What the task asks: For this exercise, copy the data exactly and omit any images.

Collected material:
>>
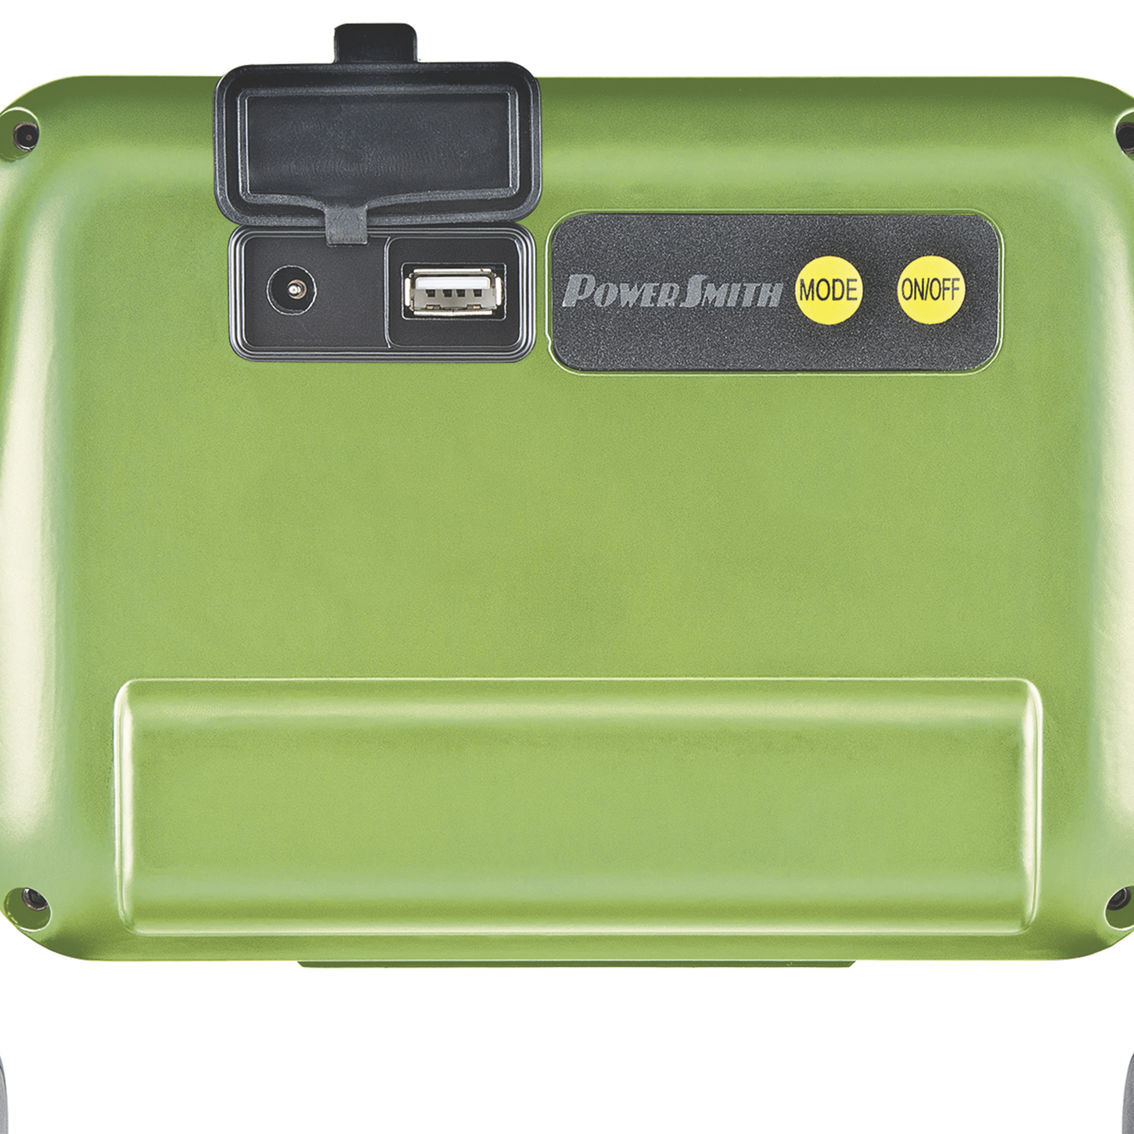 PowerSmith 2400LM Rechargeable LED Work Light - Image 3 of 8
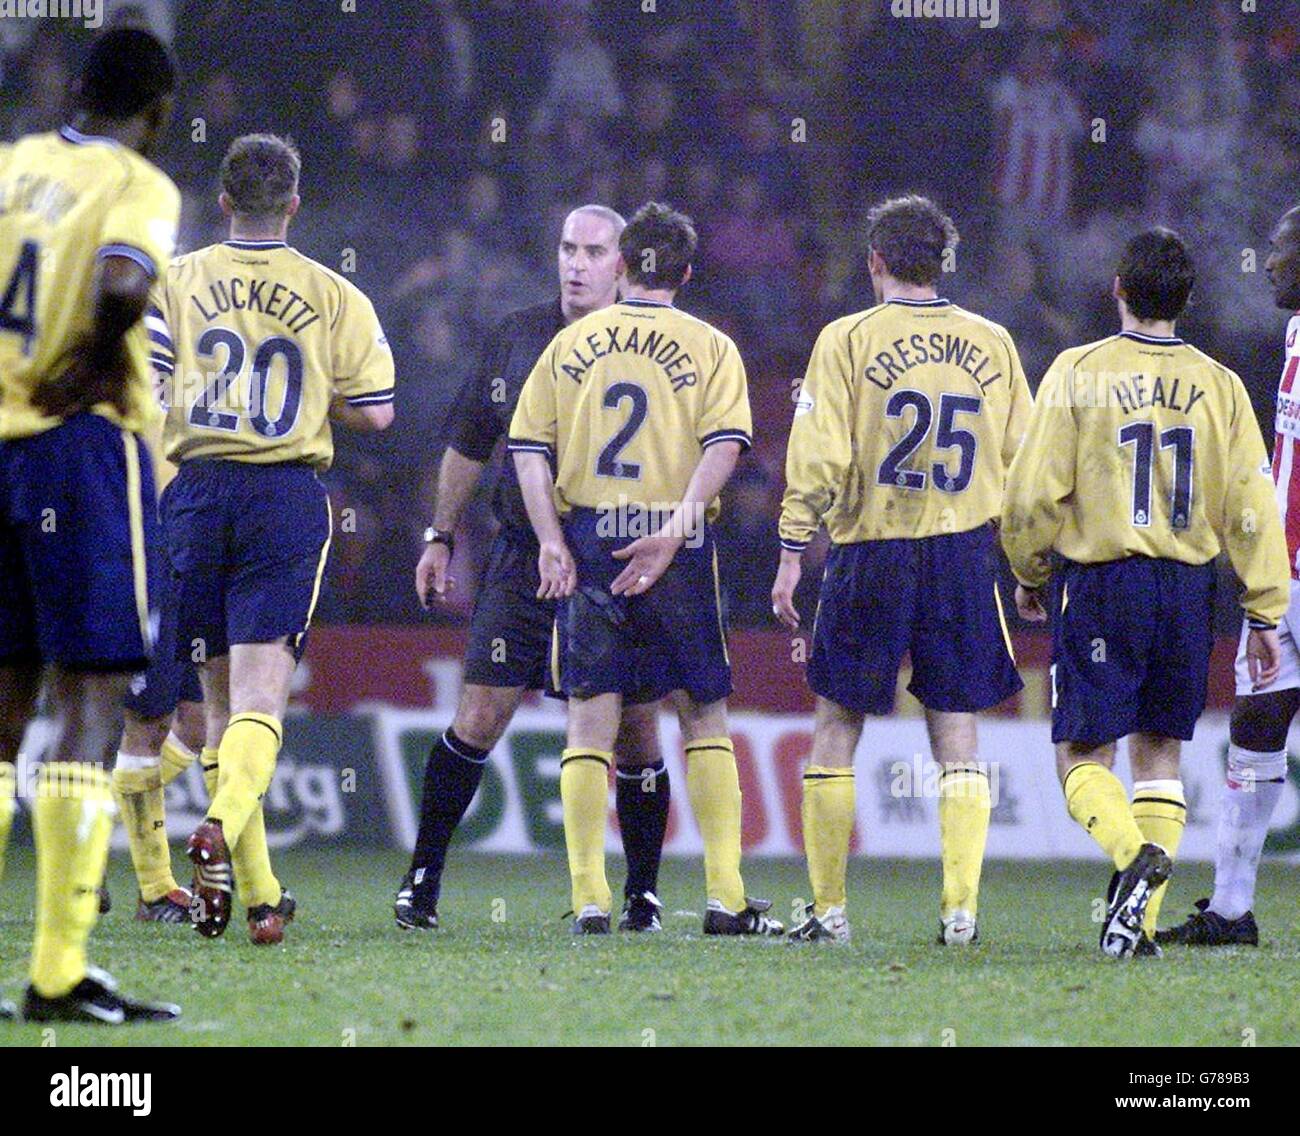 Preston players approach referee Frank Stretton after team mate Rankine is sent off against Sheffield United during their Nationwide Division One match at Sheffield's Bramall Lane ground. NO UNOFFICIAL CLUB WEBSITE USE. Stock Photo
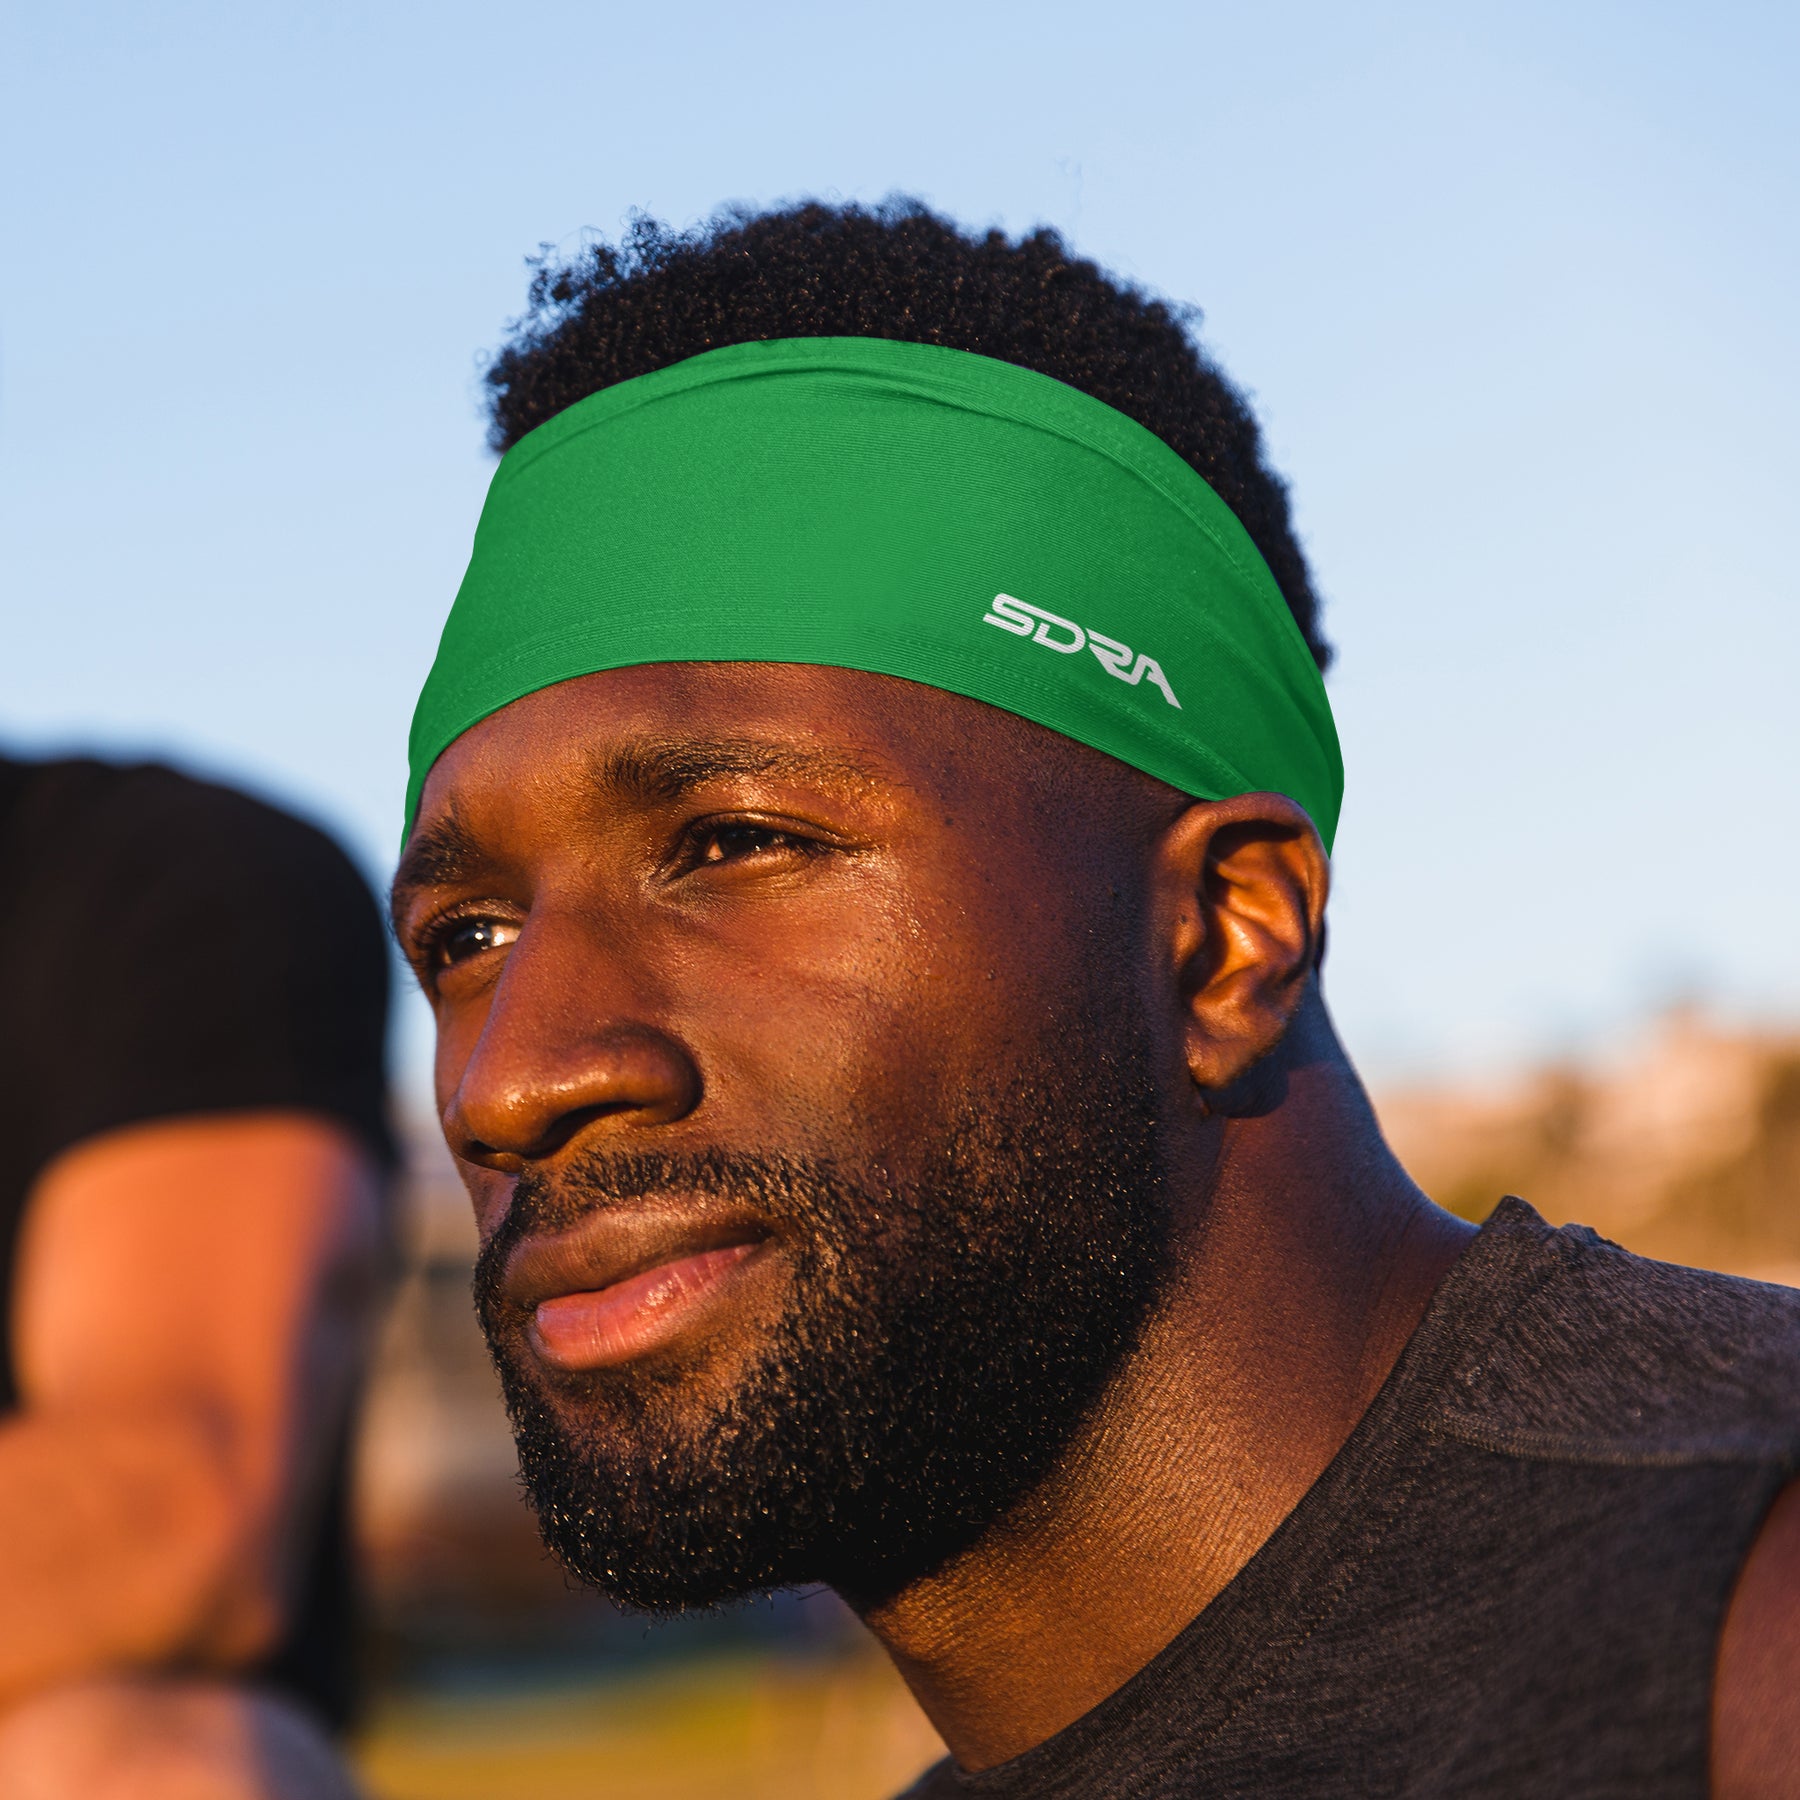 Solid Color Tapered Headband
<<
Reply to the exercise:
 PowerSmith 2400LM Rechargeable LED Work Light - Image 3 of 8
 Preston players approach referee Frank Stretton after team mate Rankine is sent off against Sheffield United during their Nationwide Division One match at Sheffield's Bramall Lane ground. NO UNOFFICIAL CLUB WEBSITE USE. Stock Photo
 Solid Color Tapered Headband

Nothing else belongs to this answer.